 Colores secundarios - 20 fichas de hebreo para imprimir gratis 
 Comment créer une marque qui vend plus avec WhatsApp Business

======

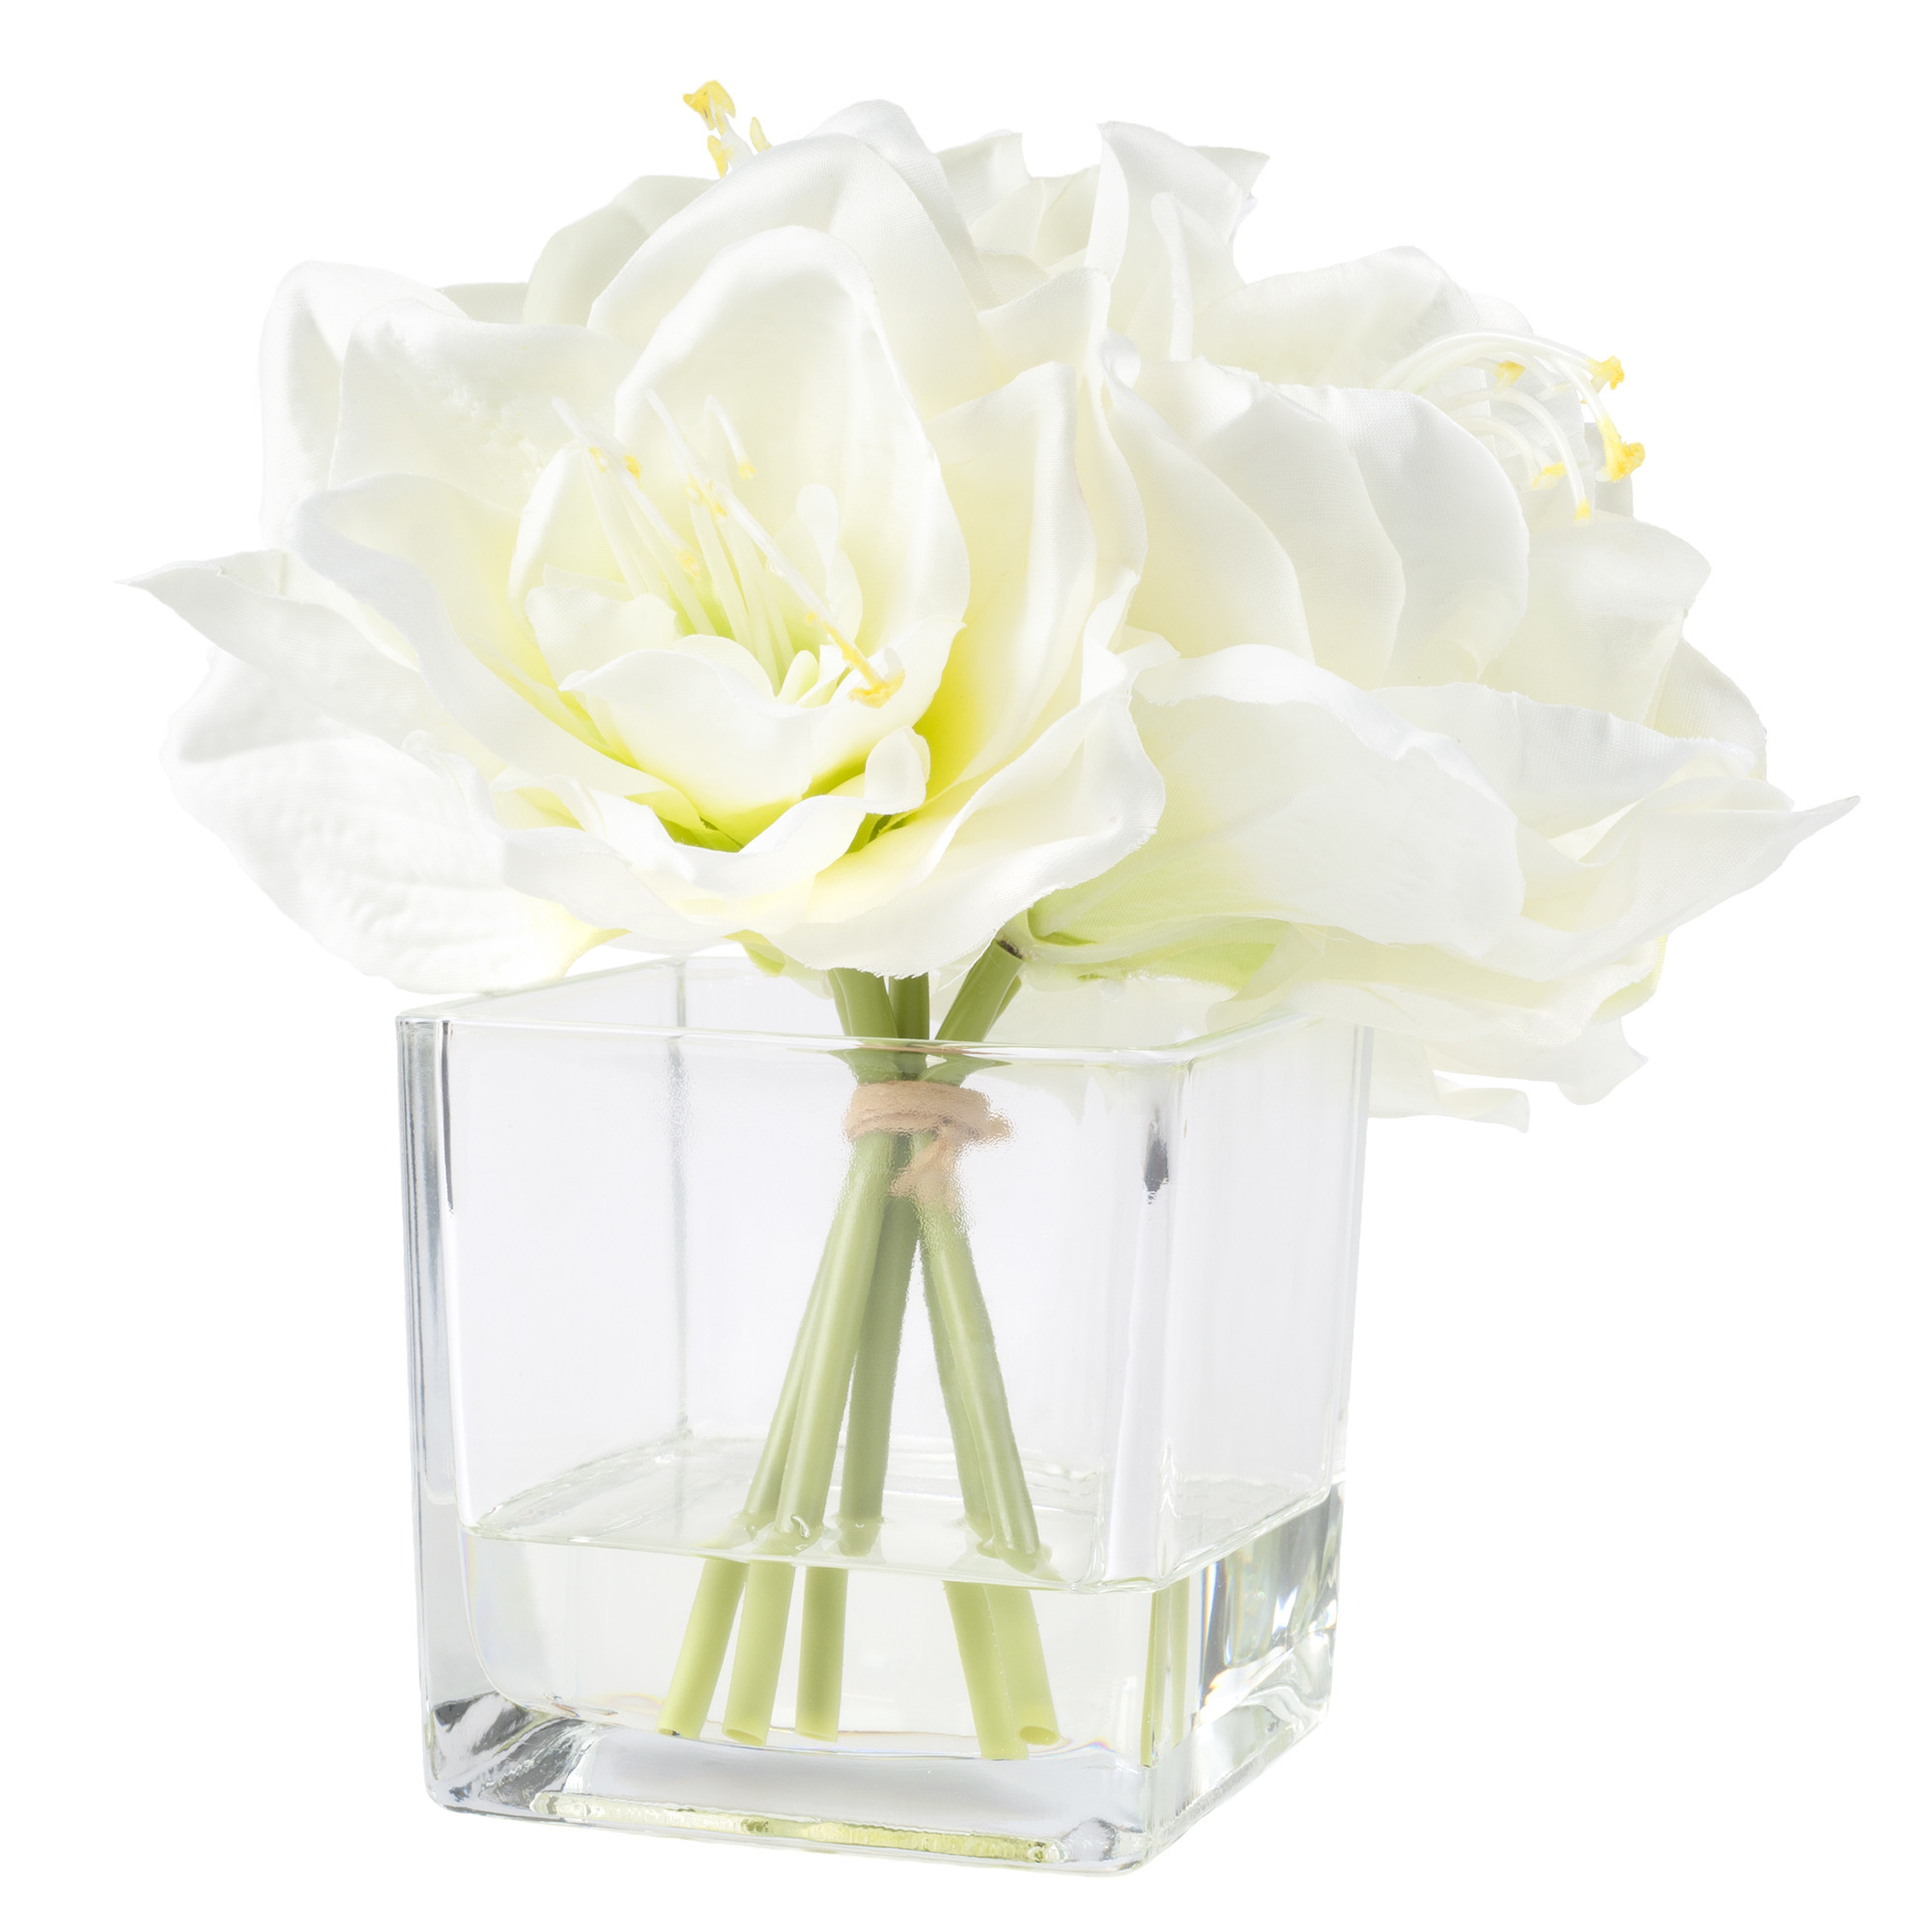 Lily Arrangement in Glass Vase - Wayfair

======

# Exercise description:
From the records above, retype only the lines starting at the line that contains "Colores secundarios - 20" and ending at the line that contains "Comment créer une", both included.

# Task answer:
 Colores secundarios - 20 fichas de hebreo para imprimir gratis 
 Comment créer une marque qui vend plus avec WhatsApp Business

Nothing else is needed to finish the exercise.